DATASET EXTRACT:
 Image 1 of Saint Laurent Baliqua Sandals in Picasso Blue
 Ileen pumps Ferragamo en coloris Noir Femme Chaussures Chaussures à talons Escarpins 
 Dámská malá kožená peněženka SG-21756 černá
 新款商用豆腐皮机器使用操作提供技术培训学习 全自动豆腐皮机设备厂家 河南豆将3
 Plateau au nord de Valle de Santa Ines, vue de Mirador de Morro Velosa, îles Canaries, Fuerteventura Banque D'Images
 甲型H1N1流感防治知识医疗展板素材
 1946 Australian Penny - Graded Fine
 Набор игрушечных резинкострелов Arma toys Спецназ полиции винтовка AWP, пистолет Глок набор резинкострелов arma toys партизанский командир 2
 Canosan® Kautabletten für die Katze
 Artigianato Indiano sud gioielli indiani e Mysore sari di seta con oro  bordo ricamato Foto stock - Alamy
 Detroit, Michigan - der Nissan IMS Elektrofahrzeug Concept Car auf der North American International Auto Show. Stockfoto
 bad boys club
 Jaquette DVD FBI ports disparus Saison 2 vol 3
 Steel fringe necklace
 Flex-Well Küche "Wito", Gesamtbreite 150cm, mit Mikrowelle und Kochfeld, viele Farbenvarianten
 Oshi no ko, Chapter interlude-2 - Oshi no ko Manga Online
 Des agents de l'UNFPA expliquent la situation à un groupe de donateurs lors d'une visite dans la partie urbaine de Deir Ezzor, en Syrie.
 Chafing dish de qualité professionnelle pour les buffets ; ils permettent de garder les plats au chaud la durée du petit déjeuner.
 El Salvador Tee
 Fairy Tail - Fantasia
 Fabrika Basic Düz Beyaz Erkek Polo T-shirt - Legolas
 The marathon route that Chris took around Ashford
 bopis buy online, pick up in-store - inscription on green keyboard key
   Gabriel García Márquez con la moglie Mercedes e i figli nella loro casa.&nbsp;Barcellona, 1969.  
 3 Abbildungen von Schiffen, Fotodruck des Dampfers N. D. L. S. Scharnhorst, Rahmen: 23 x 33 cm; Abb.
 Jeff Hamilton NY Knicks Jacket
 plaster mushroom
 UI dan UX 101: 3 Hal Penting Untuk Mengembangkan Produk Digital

EXERCISE DESCRIPTION: Would you restate the entries word for word, omitting none?

SOLUTION TO THIS TASK:
 Image 1 of Saint Laurent Baliqua Sandals in Picasso Blue
 Ileen pumps Ferragamo en coloris Noir Femme Chaussures Chaussures à talons Escarpins 
 Dámská malá kožená peněženka SG-21756 černá
 新款商用豆腐皮机器使用操作提供技术培训学习 全自动豆腐皮机设备厂家 河南豆将3
 Plateau au nord de Valle de Santa Ines, vue de Mirador de Morro Velosa, îles Canaries, Fuerteventura Banque D'Images
 甲型H1N1流感防治知识医疗展板素材
 1946 Australian Penny - Graded Fine
 Набор игрушечных резинкострелов Arma toys Спецназ полиции винтовка AWP, пистолет Глок набор резинкострелов arma toys партизанский командир 2
 Canosan® Kautabletten für die Katze
 Artigianato Indiano sud gioielli indiani e Mysore sari di seta con oro  bordo ricamato Foto stock - Alamy
 Detroit, Michigan - der Nissan IMS Elektrofahrzeug Concept Car auf der North American International Auto Show. Stockfoto
 bad boys club
 Jaquette DVD FBI ports disparus Saison 2 vol 3
 Steel fringe necklace
 Flex-Well Küche "Wito", Gesamtbreite 150cm, mit Mikrowelle und Kochfeld, viele Farbenvarianten
 Oshi no ko, Chapter interlude-2 - Oshi no ko Manga Online
 Des agents de l'UNFPA expliquent la situation à un groupe de donateurs lors d'une visite dans la partie urbaine de Deir Ezzor, en Syrie.
 Chafing dish de qualité professionnelle pour les buffets ; ils permettent de garder les plats au chaud la durée du petit déjeuner.
 El Salvador Tee
 Fairy Tail - Fantasia
 Fabrika Basic Düz Beyaz Erkek Polo T-shirt - Legolas
 The marathon route that Chris took around Ashford
 bopis buy online, pick up in-store - inscription on green keyboard key
   Gabriel García Márquez con la moglie Mercedes e i figli nella loro casa.&nbsp;Barcellona, 1969.  
 3 Abbildungen von Schiffen, Fotodruck des Dampfers N. D. L. S. Scharnhorst, Rahmen: 23 x 33 cm; Abb.
 Jeff Hamilton NY Knicks Jacket
 plaster mushroom
 UI dan UX 101: 3 Hal Penting Untuk Mengembangkan Produk Digital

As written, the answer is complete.